Певцы умолкли, открыли глаза и огляделись. На лицах у них — не то смущение, не то стыд.
Ястреб, подавшись вперед, взирал на друзей с восторгом, Эдна вежливо улыбалась. Мои губы расползлись в улыбке, от которой невозможно удержаться, когда ты тронут до глубины души и испытал огромное удовольствие. Да, Льюис и Энн спели потрясающе.
К Алексу вернулось дыхание. Он окинул гостей взглядом и, удовлетворенный их реакцией, нажал кнопку. Автобар загудел, кроша лед. Никто не хлопал, одобрение выражалось лишь кивками и перешептыванием. Регина Абулафия подошла к Льюису и заговорила. Я навострил уши, но в этот момент Алекс ткнул в мой локоть бокалом.
— Ой, простите…
Я взял брифкейс в другую руку и, улыбаясь, принял бокал. Сенатор Абулафия вернулась на прежнее место, а Певцы взялись за руки и застенчиво посмотрели друг на друга. И сели.
Гости группками разбрелись по роще и саду. Облака цвета старой замши то смыкались, пряча луну, то расползались. Я стоял в одиночестве среди деревьев на сухом каменистом дне пруда и слушал музыку: канон ди Лассо в двух частях, оцифрованный для аудиогенераторов. Помните, недавно в одном популярном журнале по искусству утверждалось, что иначе невозможно избавиться от ощущения тактов, которое выработалось у музыкантов за последние пять столетий? Будет чем развлечься человечеству пару-тройку недель.
Внизу, в пластмассовой кровле, змеились и сплетались светящиеся линии абстрактного рисунка.
— Прошу прощения…
Я обернулся и увидел Алекса. На сей раз у него не было ни бокала со спиртным, ни представления, куда девать руки. Он нервничал.
— Наш общий друг намекнул, что вы… можете мне кое-что предложить.

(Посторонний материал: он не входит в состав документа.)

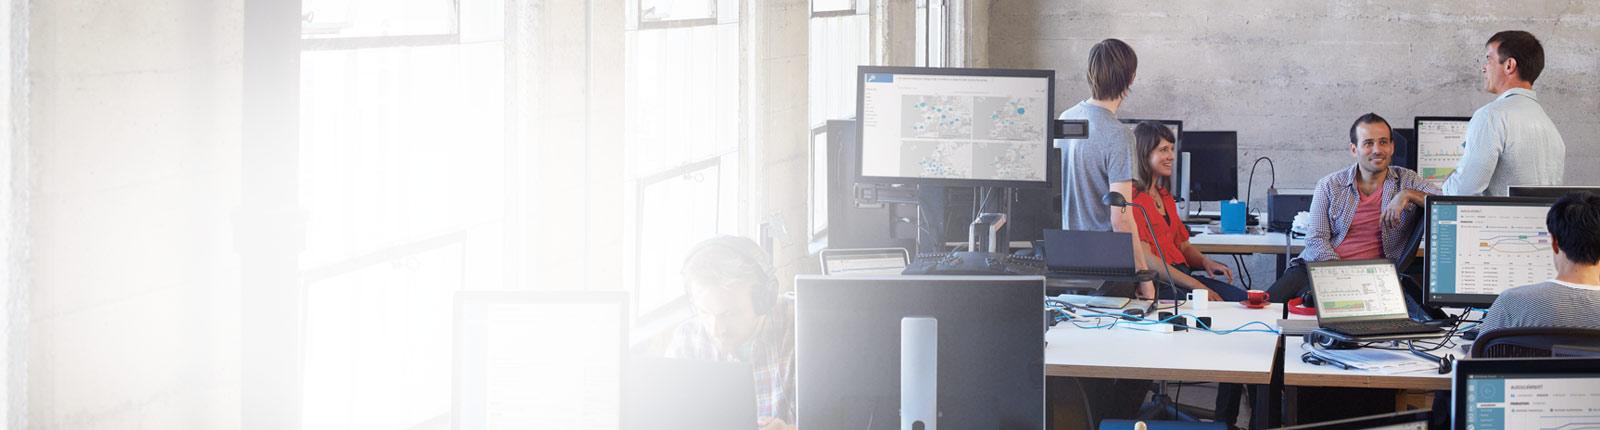 Cinci persoane care lucrează la desktopurile lor într-un birou, utilizând Office 365.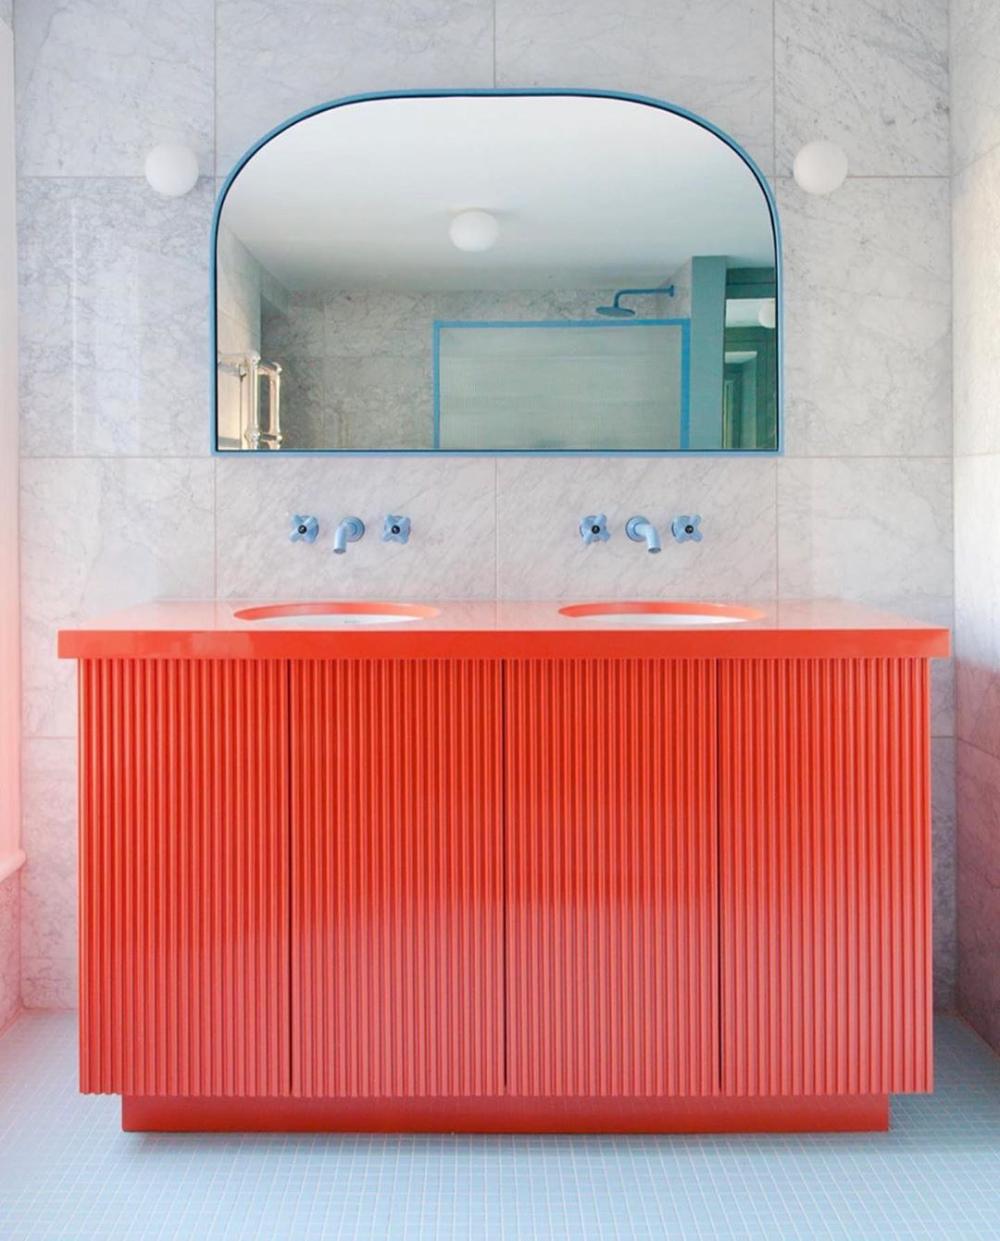 Mmi Inspiration Such A Fun Bathroom Designed By 2lgstudio Megantaylorphoto Mmi Mmi In 2020 Bathroom Design Round Mirror Bathroom Amazing Bathrooms

Я поднял было брифкейс, но указательный палец Алекса оторвался от уха (куда переместился с пояса, коснувшись воротника и прически) и сделал предостерегающий жест. Ох уж мне эти нувориши…
— Не затрудняйтесь, мне пока не нужно смотреть. Думаю, будет лучше, если я вообще останусь в стороне. Я бы охотно приобрел эти вещи, если Ястреб не переусердствовал, расхваливая их, но теперь ими заинтересовался один из моих гостей.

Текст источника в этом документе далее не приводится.